Here’s a timeline of key events in the bread price-fixing case.

Oct. 31, 2017: The Competition Bureau says it’s investigating allegations of bread price-fixing and that it was granted search warrants in the case. Several grocers confirm they are co-operating in the probe.

Dec. 19, 2017: Loblaw and George Weston say they participated in an “industry-wide price-fixing arrangement” to raise the price of packaged bread. The companies say they have been co-operating in the Competition Bureau’s investigation since March 2015, when they self-reported to the bureau upon discovering anti-competitive behaviour, and are receiving immunity from prosecution. They announce they are offering $25 gift cards to customers amid the ongoing investigation into alleged bread price-fixing.

Jan. 31, 2018: In court documents, the Competition Bureau says at least $1.50 was added to the price of a loaf of bread between about 2001 and 2016.

Dec. 20, 2019: A class-action lawsuit in a Quebec court against multiple grocers and food companies is certified against a number of companies allegedly involved in bread price-fixing, including Loblaw, George Weston, Metro, Sobeys, Walmart Canada, Canada Bread and Giant Tiger (which have all denied involvement, except for Loblaw and George Weston, which later settled with the plaintiffs).
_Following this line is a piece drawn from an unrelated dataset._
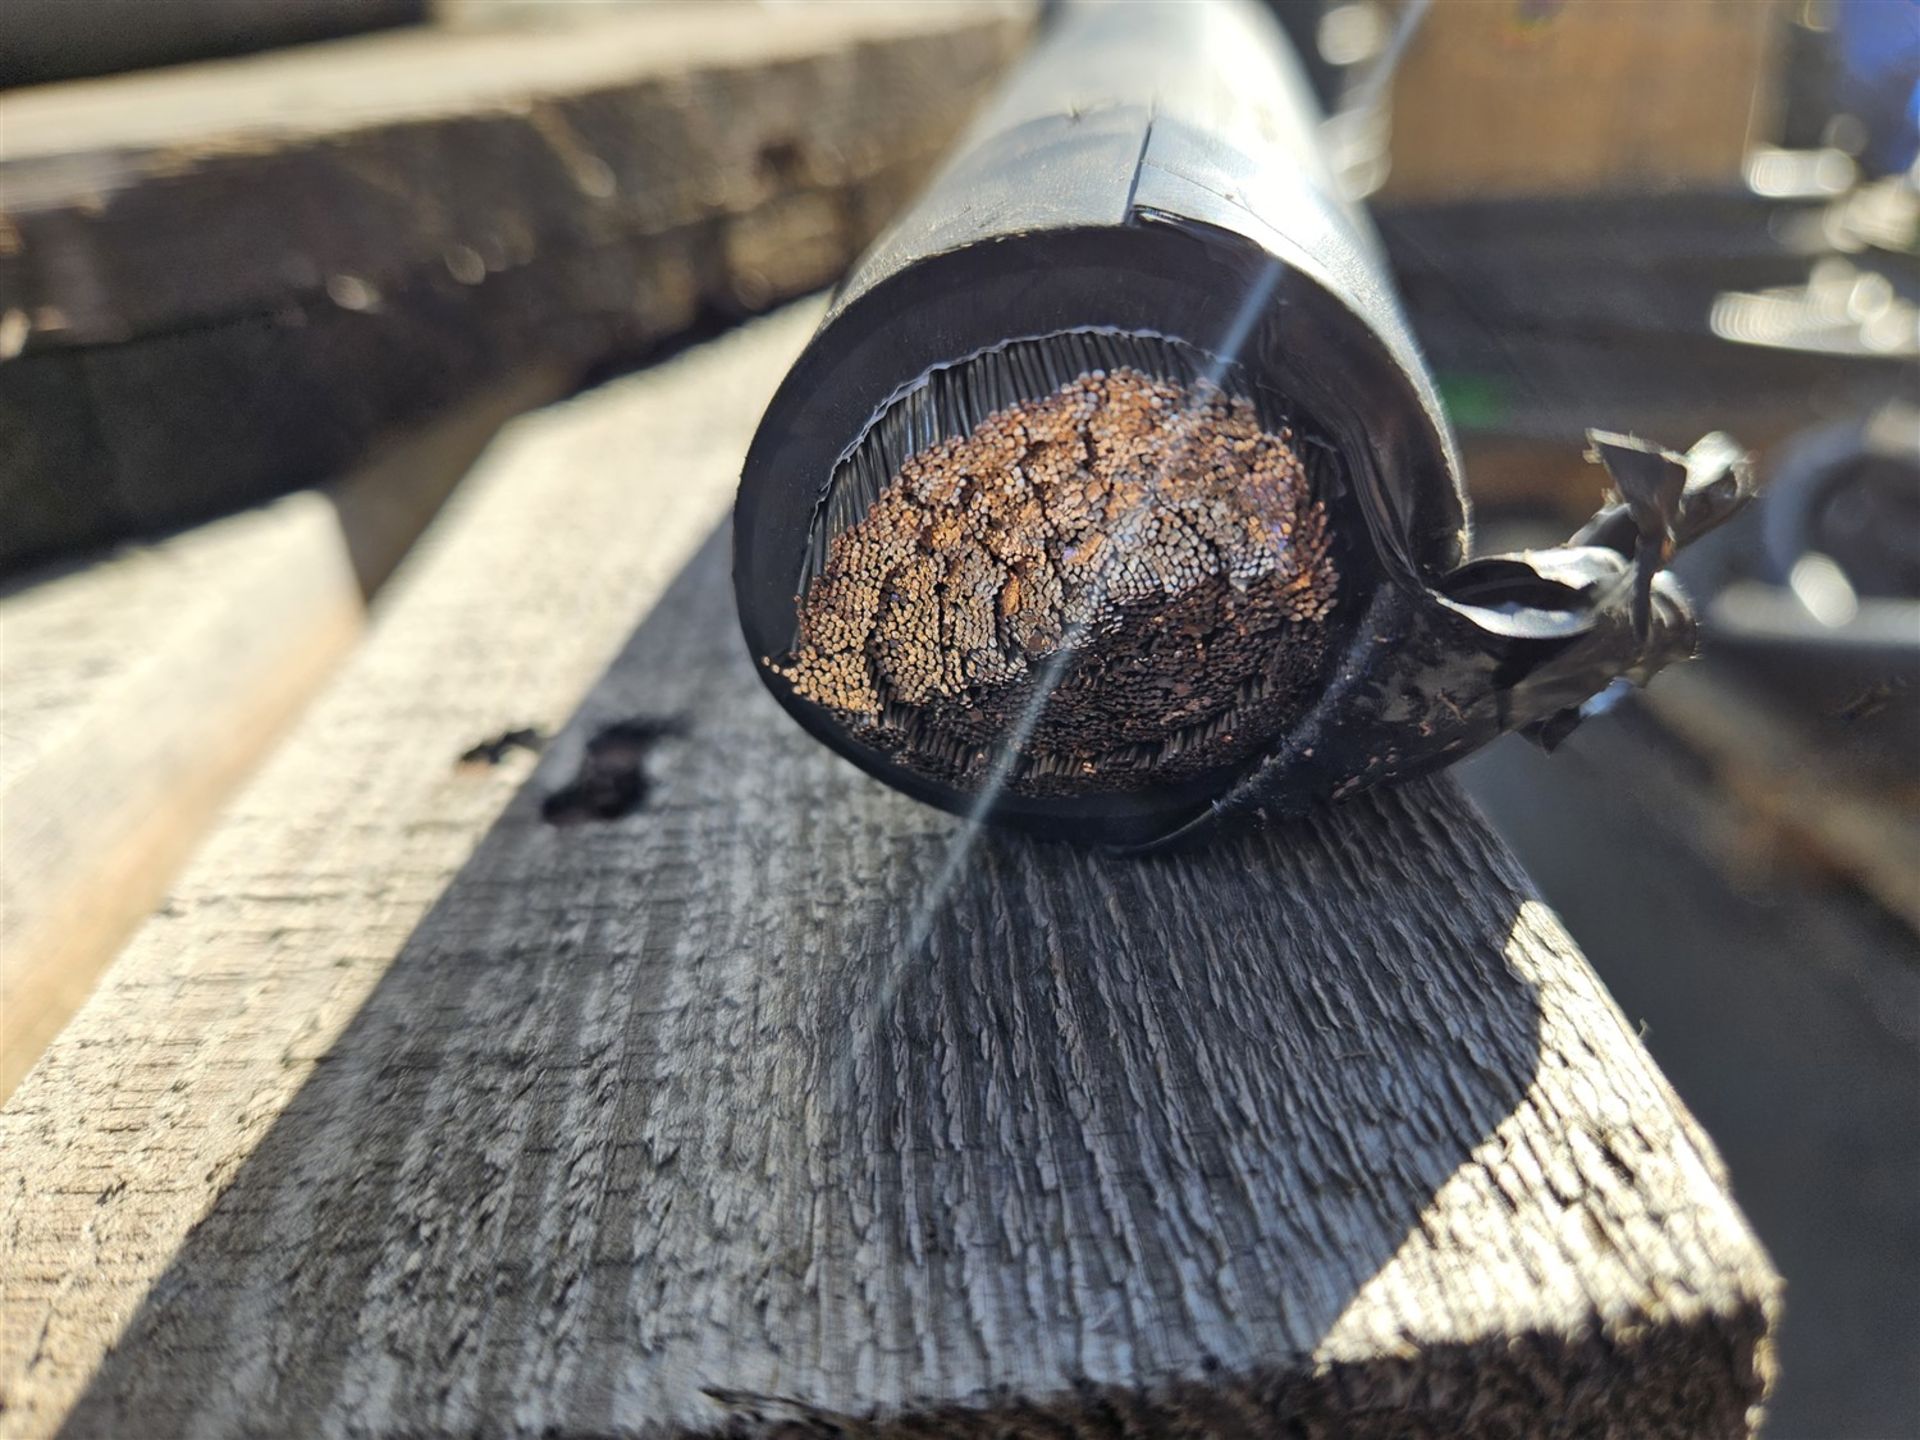 REEL OF TF CABLE 923 MCM APPROX. 130 FT. - COPPER - Image 2 of 5

Dec. 31, 2021: A class-action lawsuit in an Ontario court covering all Canadian residents except those in Quebec who bought packaged bread from a company named in the suit is certified against roughly the same group of companies.

June 21, 2023: Bakery giant Canada Bread Co. is fined $50 million after pleading guilty to four counts of price-fixing under the Competition Act as part of the Competition Bureau’s ongoing investigation.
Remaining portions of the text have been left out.